▶ Provided material
▬▬▬▬▬▬

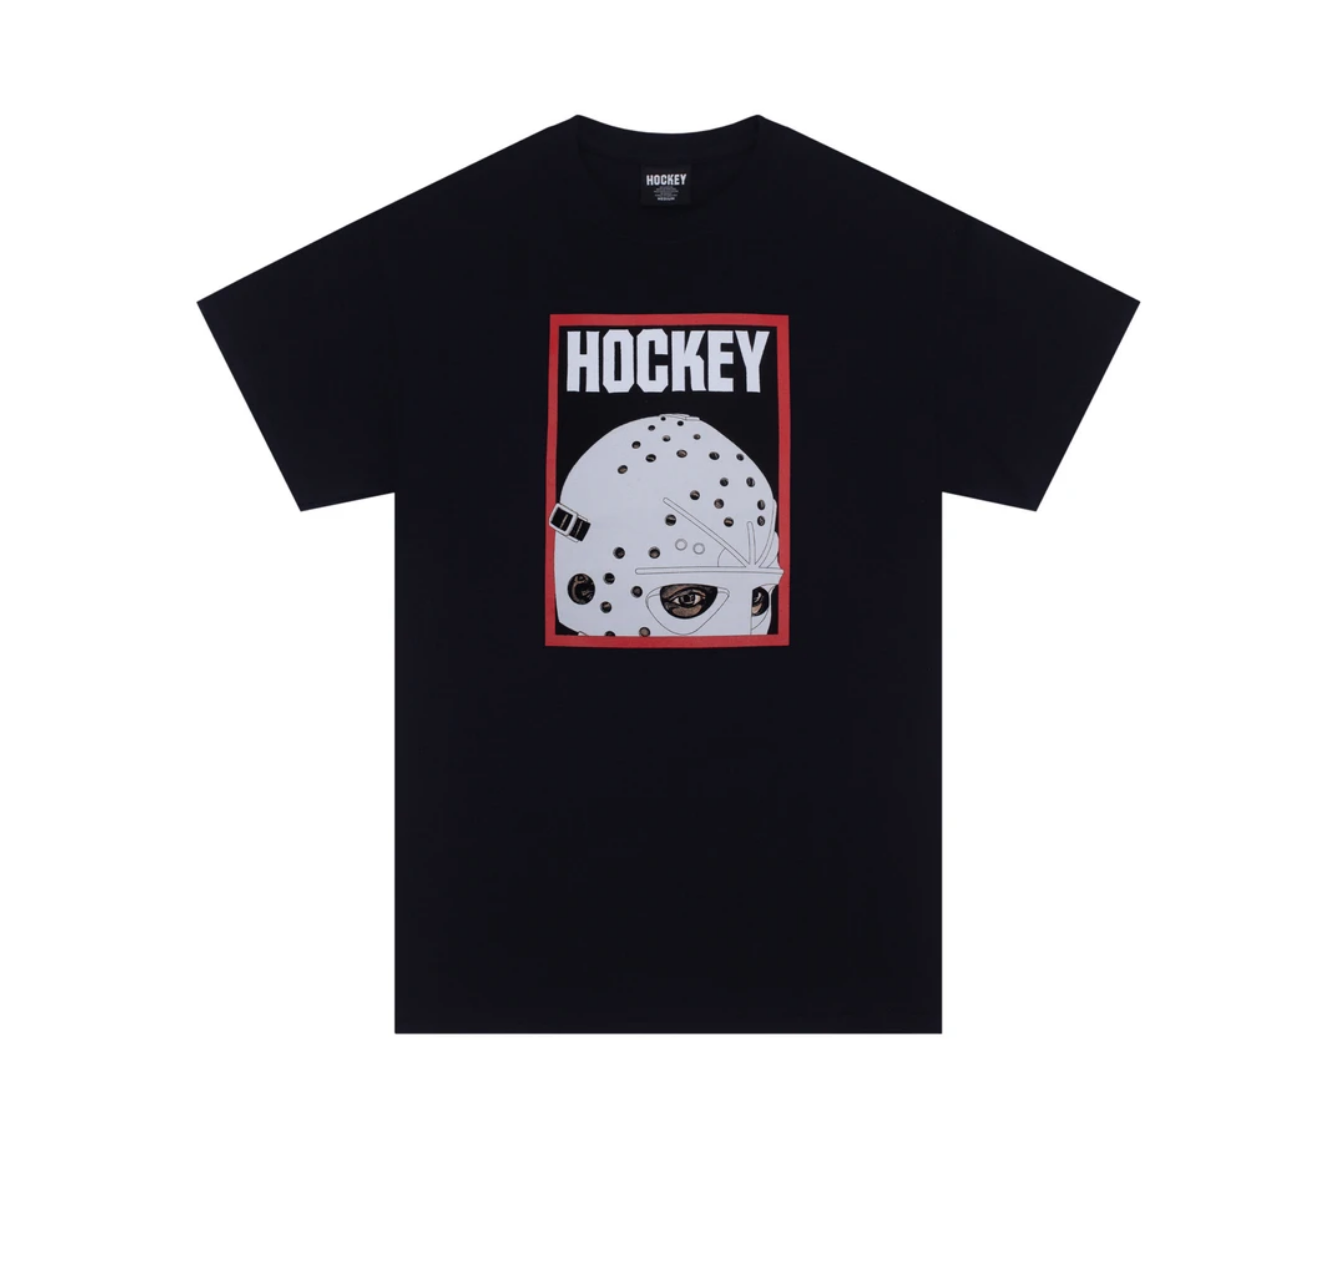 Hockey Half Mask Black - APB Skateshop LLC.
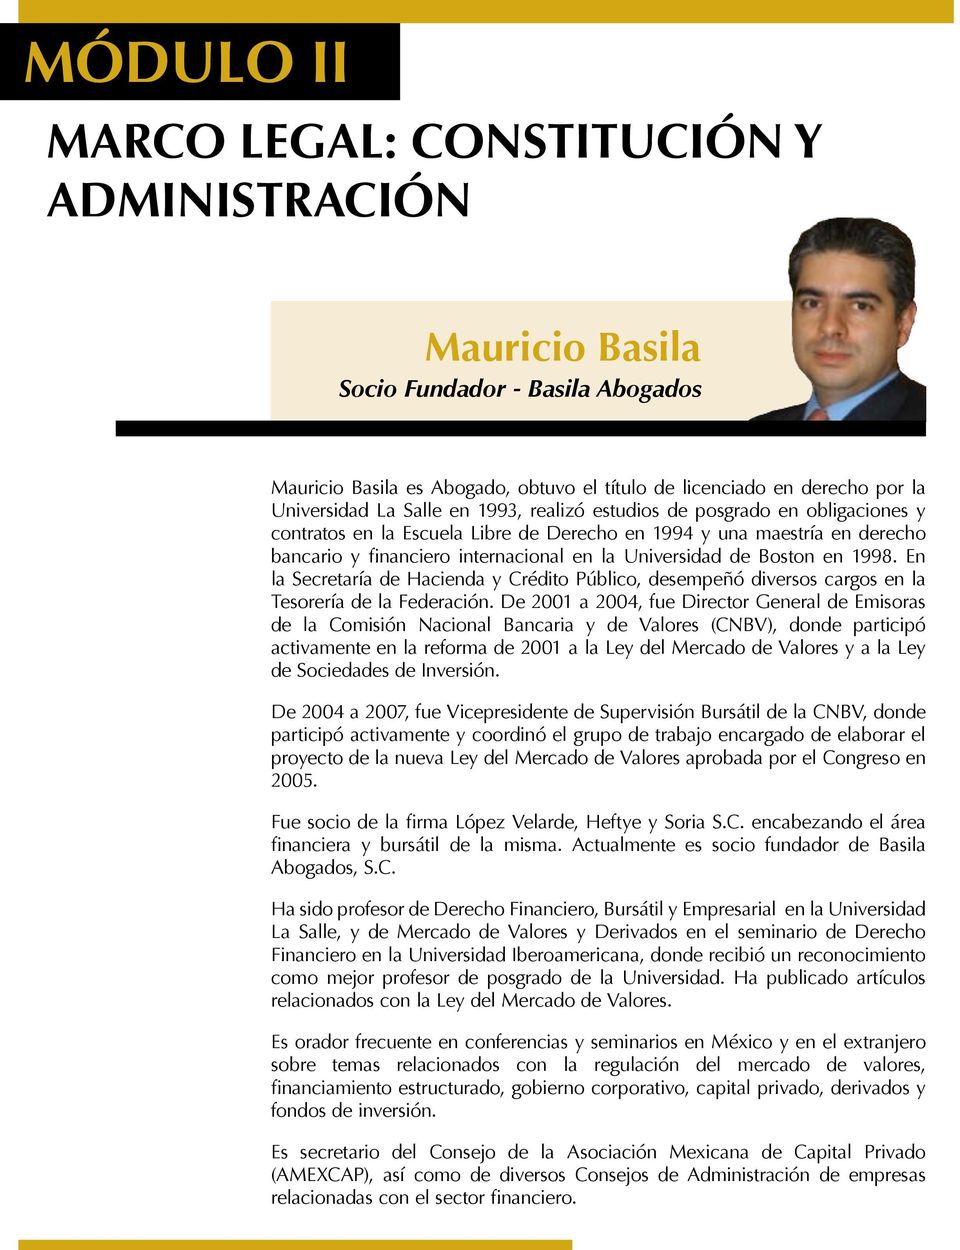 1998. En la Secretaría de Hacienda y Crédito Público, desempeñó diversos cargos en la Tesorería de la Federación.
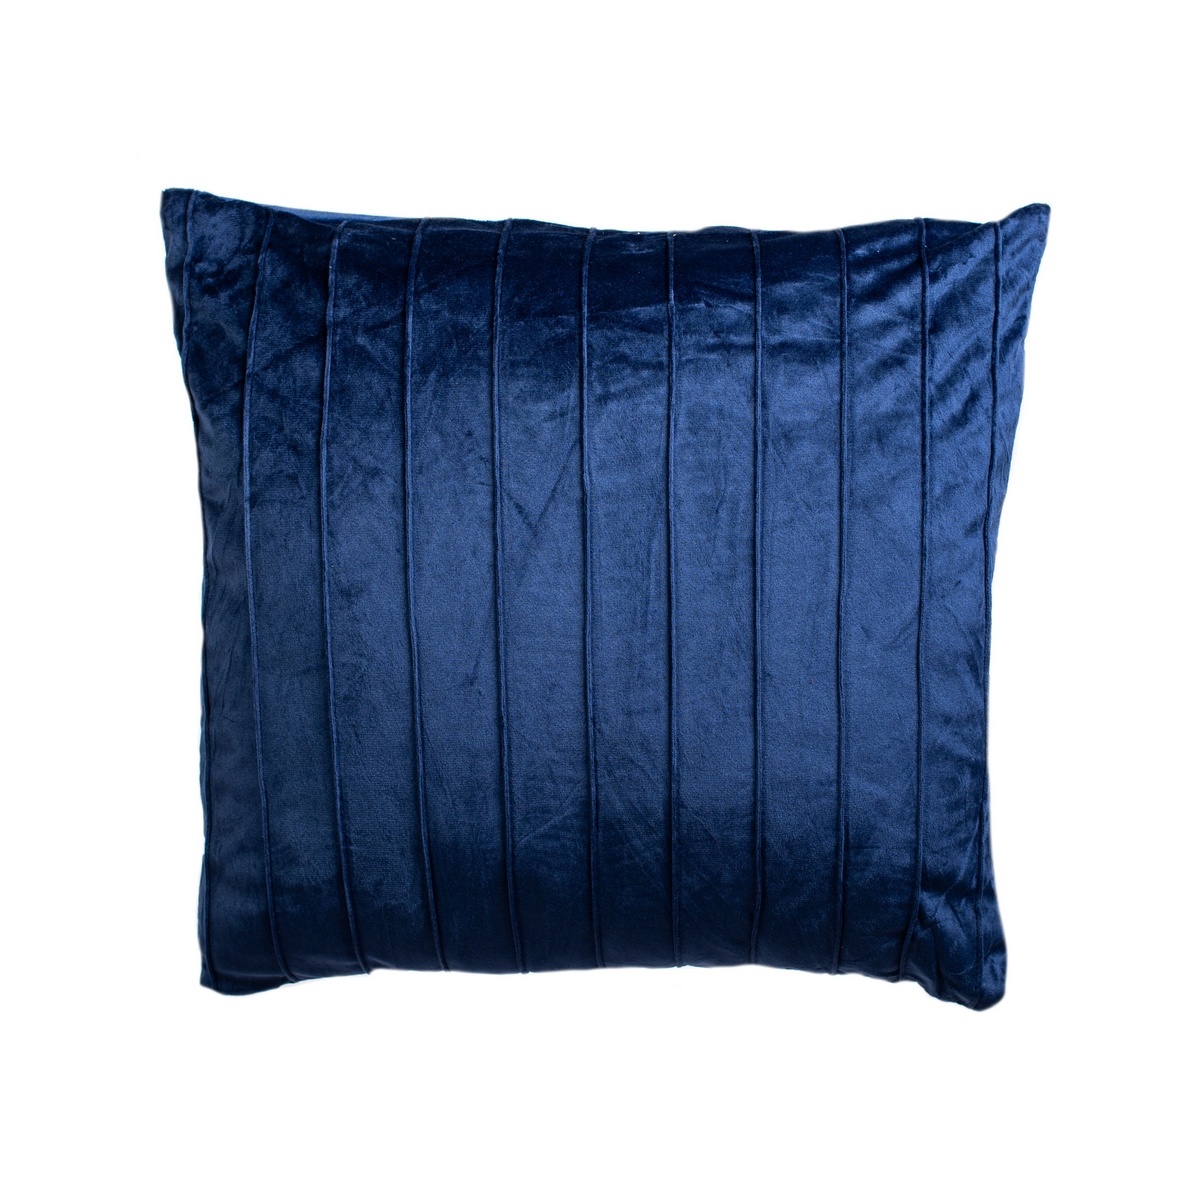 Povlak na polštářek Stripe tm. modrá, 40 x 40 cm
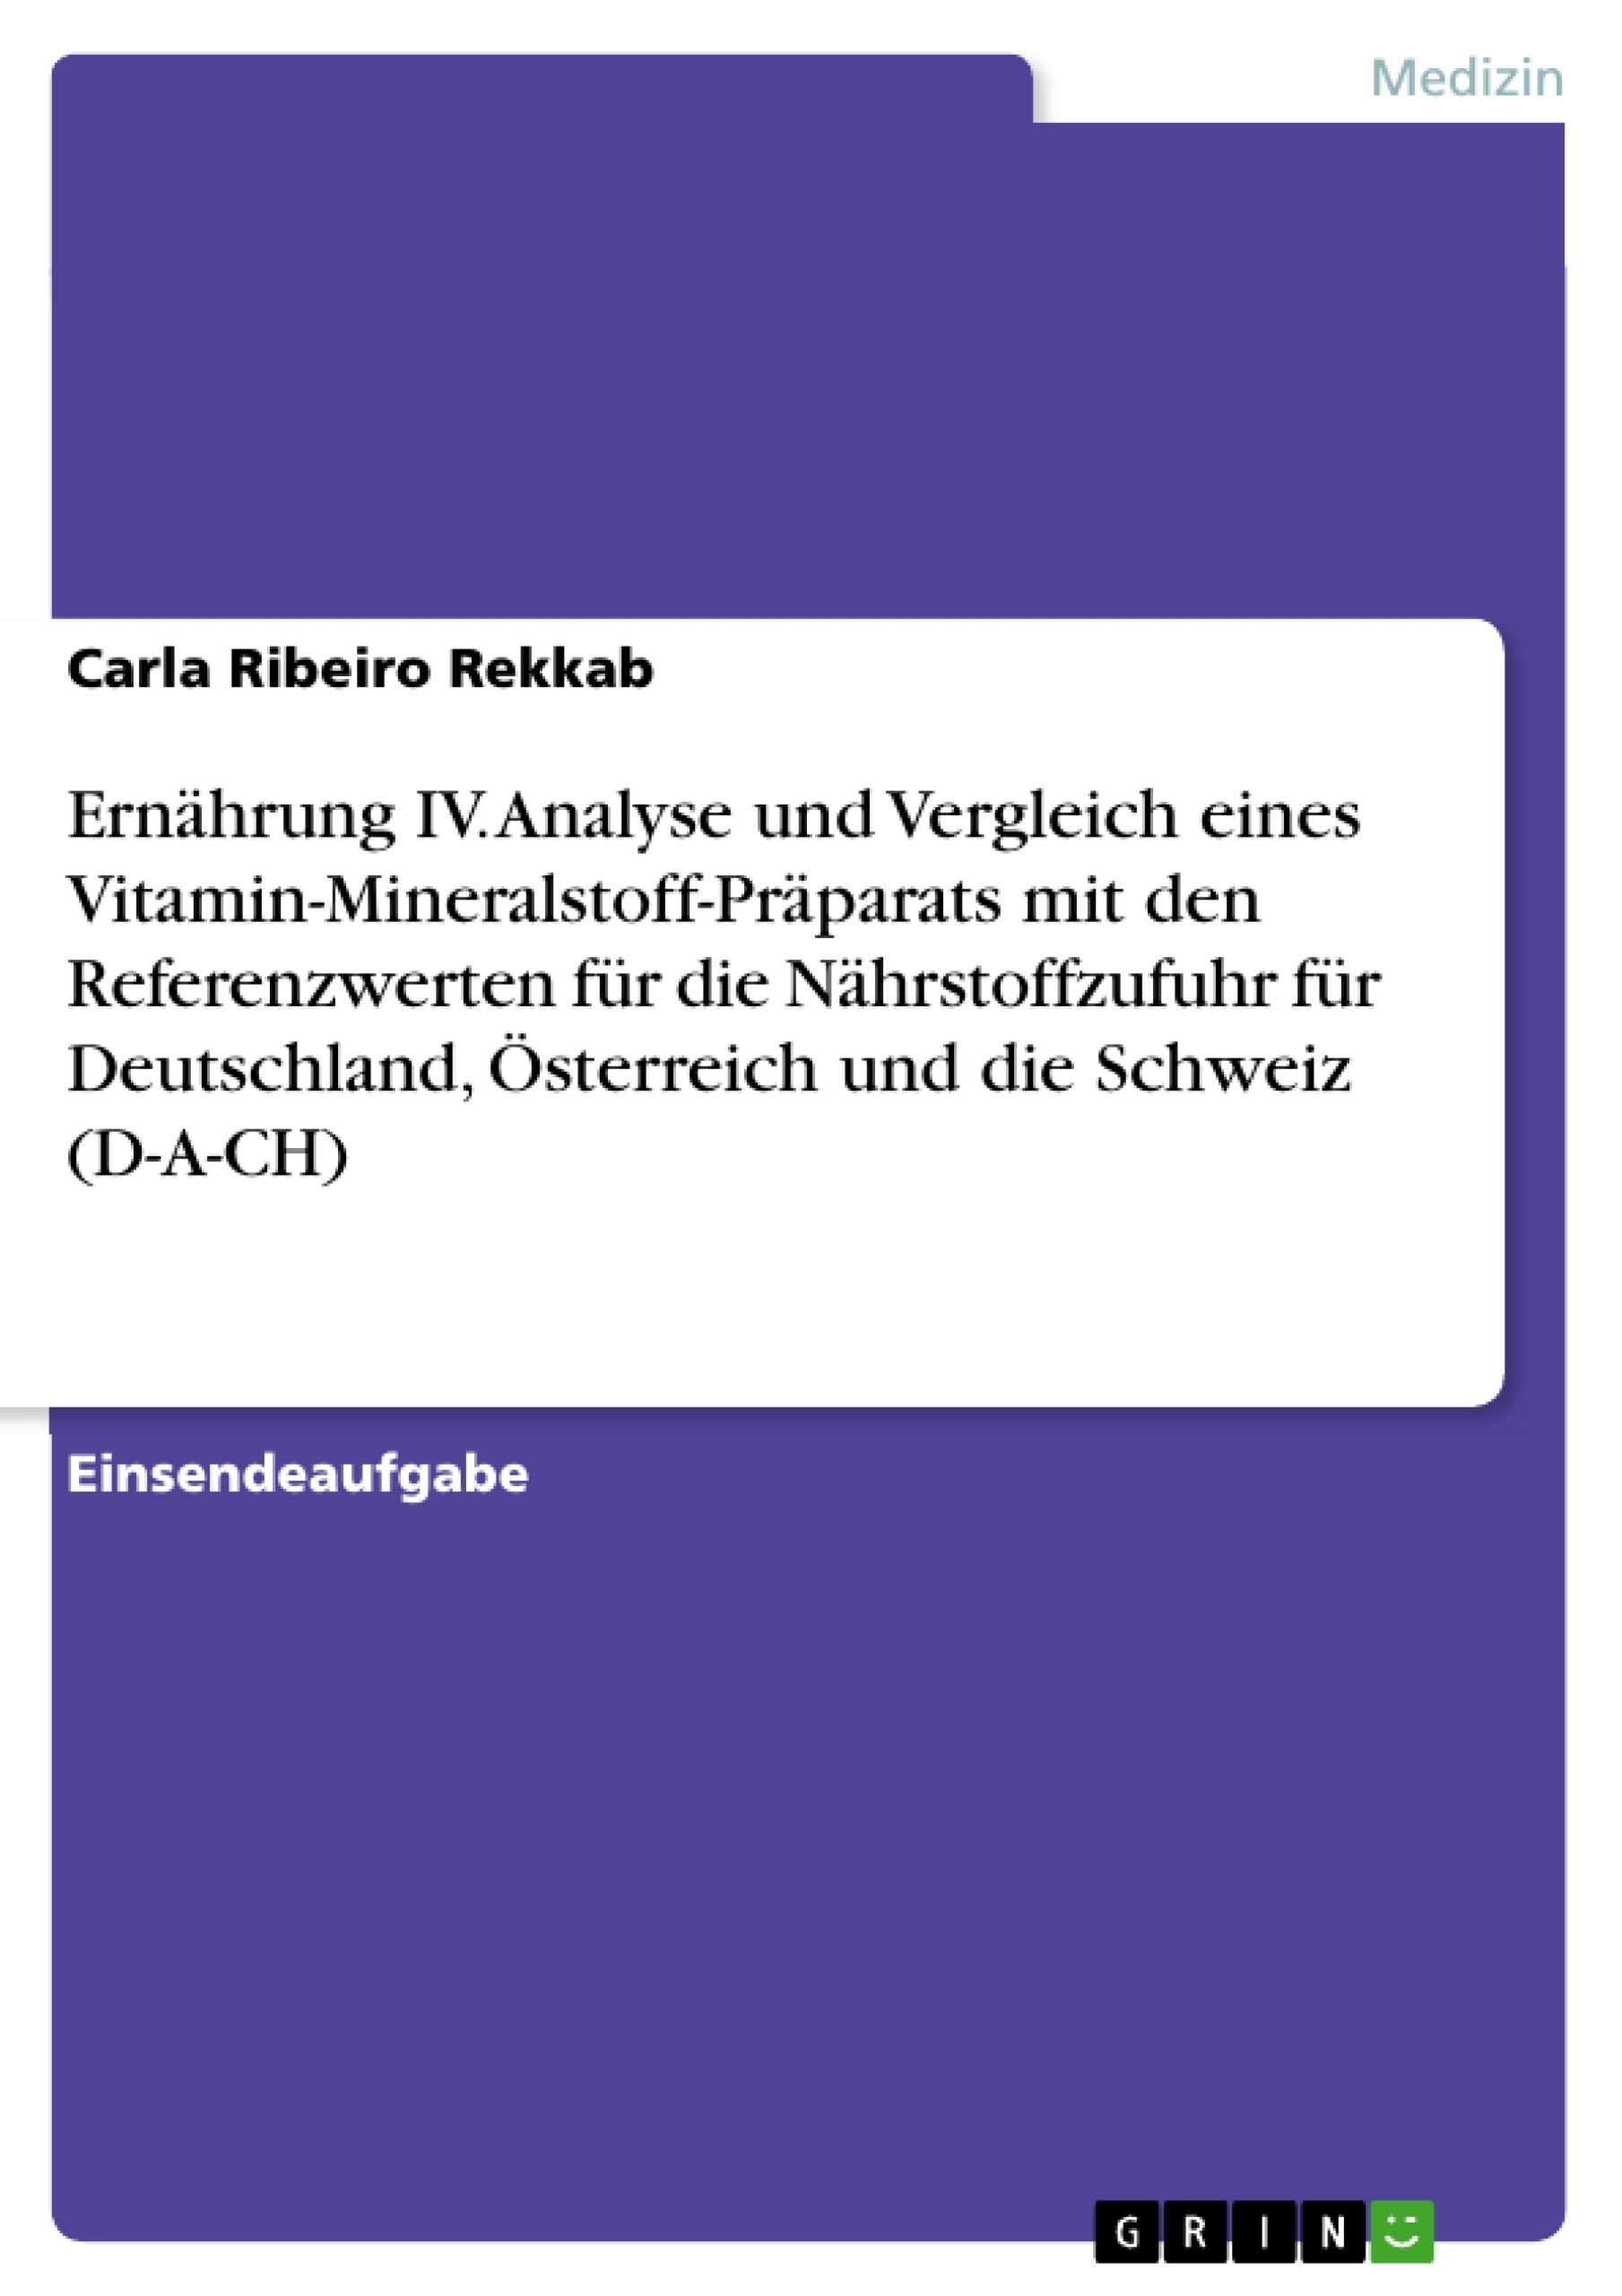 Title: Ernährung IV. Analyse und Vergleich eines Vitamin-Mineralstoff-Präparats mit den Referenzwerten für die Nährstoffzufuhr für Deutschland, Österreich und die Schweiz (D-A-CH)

▬▬▬▬▬▬

Write out the material above exactly, and omit the pictures it holds.

▶ Answer space
 Hockey Half Mask Black - APB Skateshop LLC.
 1998. En la Secretaría de Hacienda y Crédito Público, desempeñó diversos cargos en la Tesorería de la Federación.
 Povlak na polštářek Stripe tm. modrá, 40 x 40 cm
 Title: Ernährung IV. Analyse und Vergleich eines Vitamin-Mineralstoff-Präparats mit den Referenzwerten für die Nährstoffzufuhr für Deutschland, Österreich und die Schweiz (D-A-CH)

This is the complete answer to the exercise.